Health care the Tommy Douglas way
TheStar.com – Opinions/EditorialOpinion
Published On Fri Dec 03 2010. By Carol Goar, Editorial Board
With constant reports of escalating medical costs, overcrowded hospitals, inadequate home care and prohibitively expensive drugs, it is easy to lose sight of what’s going right in Ontario’s health-care system.
One of medicare’s overlooked strengths — which got some welcome attention at Queen’s Park this week — is the network of community health centres that spans the province.
It wasn’t built by politicians, bureaucrats or systems experts. It sprang up because people wanted an alternative to impersonal, one-size-fits-all medicine.
Community health centres date back 40 years. Most began as pilot projects, designed to test medicare founder Tommy Douglas’s vision of a mature public health system that keeps people healthy as well as treating their injuries and diseases.

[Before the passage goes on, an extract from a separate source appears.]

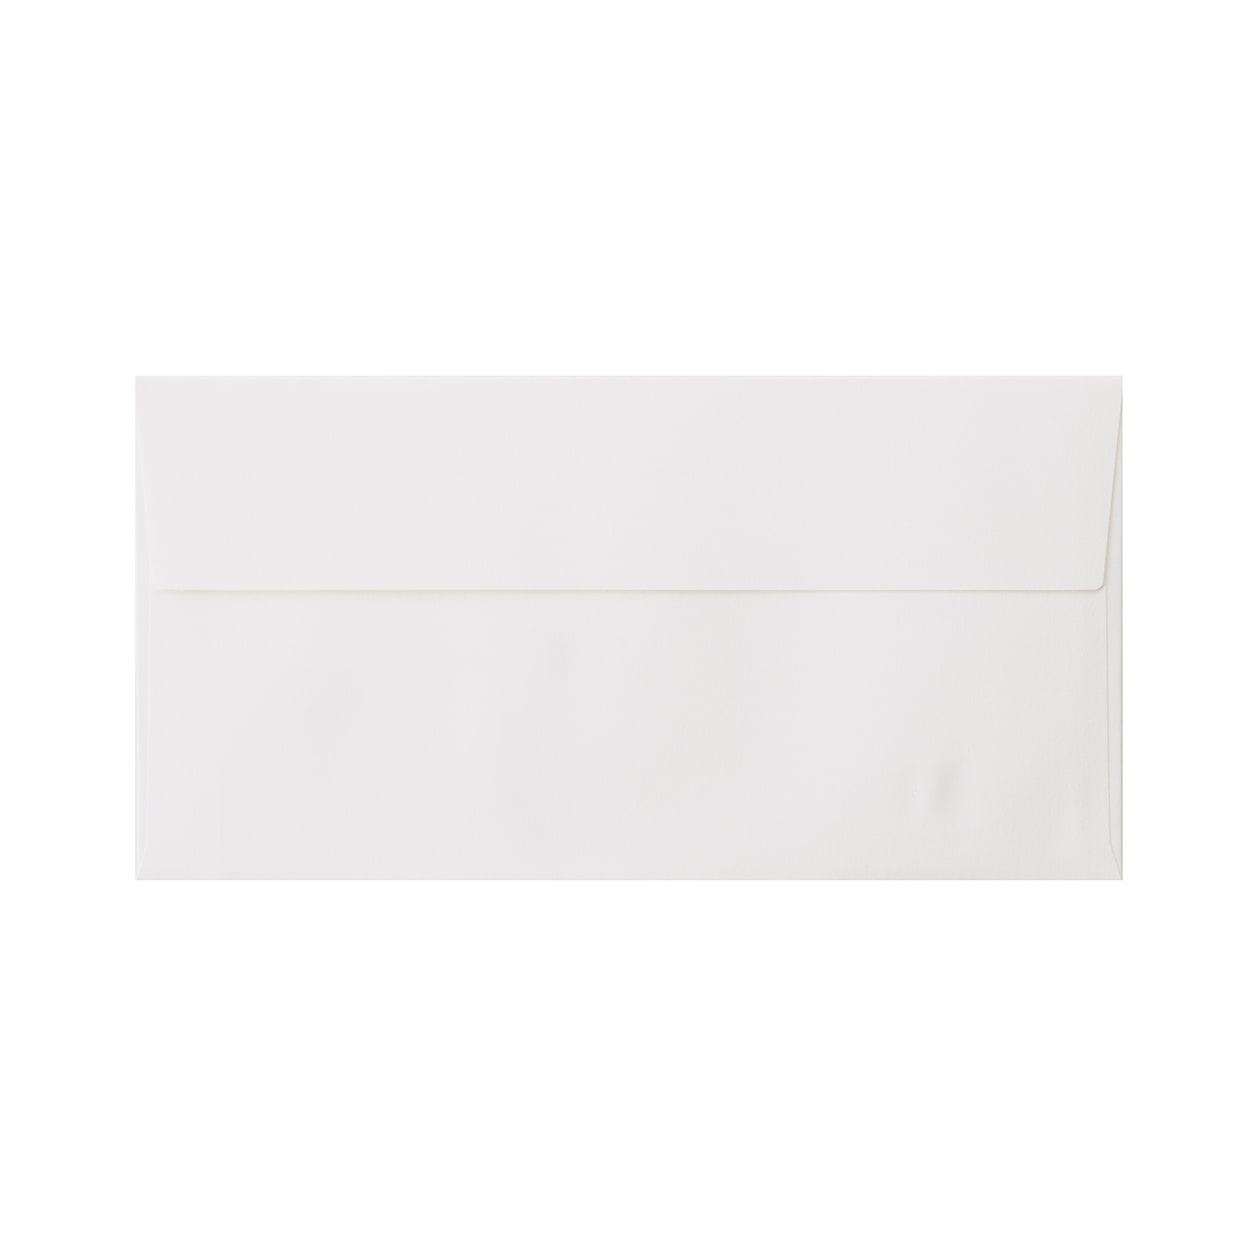 見本 00014 長3カマス封筒 コットン スノーホワイト 116.3g

But once created, they quickly took root and spread. They now serve communities as diverse as Toronto’s Flemingdon Park and as remote as the logging towns north of Thunder Bay.

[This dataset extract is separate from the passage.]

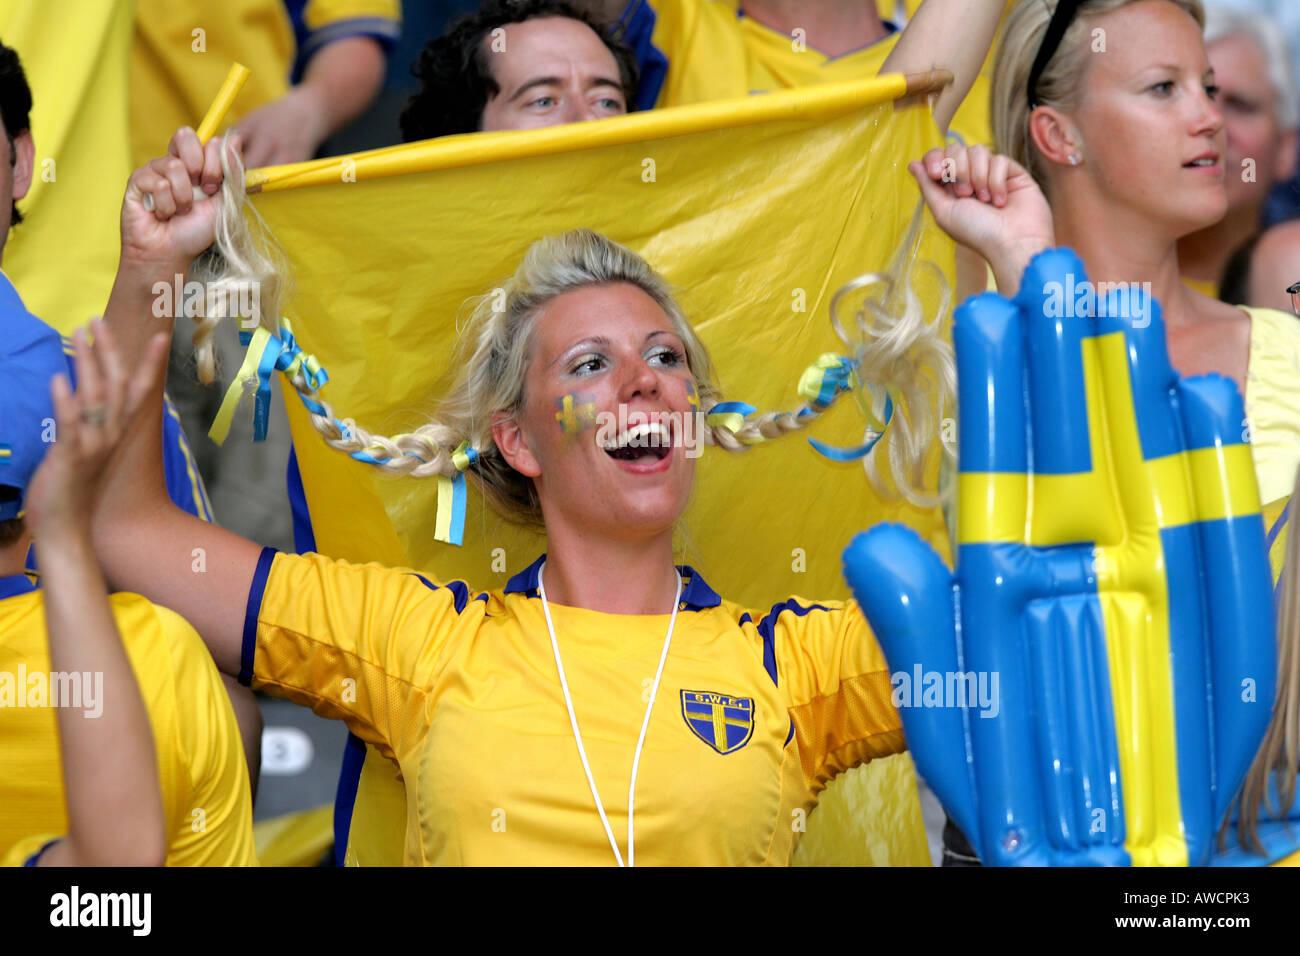 Femme Suedoise une femme chantant dans le ventilateur suédoise foule pendant la

There are 73 community health centres in Ontario. They thrive in places where people don’t speak English; can’t navigate the province’s complex, rigidly compartmentalized medical system; or fear being judged, denigrated or chastised.
They help their patients manage everything from Type-2 diabetes to domestic violence. They welcome anyone regardless of race, language, background, socio-economic status or sexual orientation.
Most Ontarians know little or nothing about them.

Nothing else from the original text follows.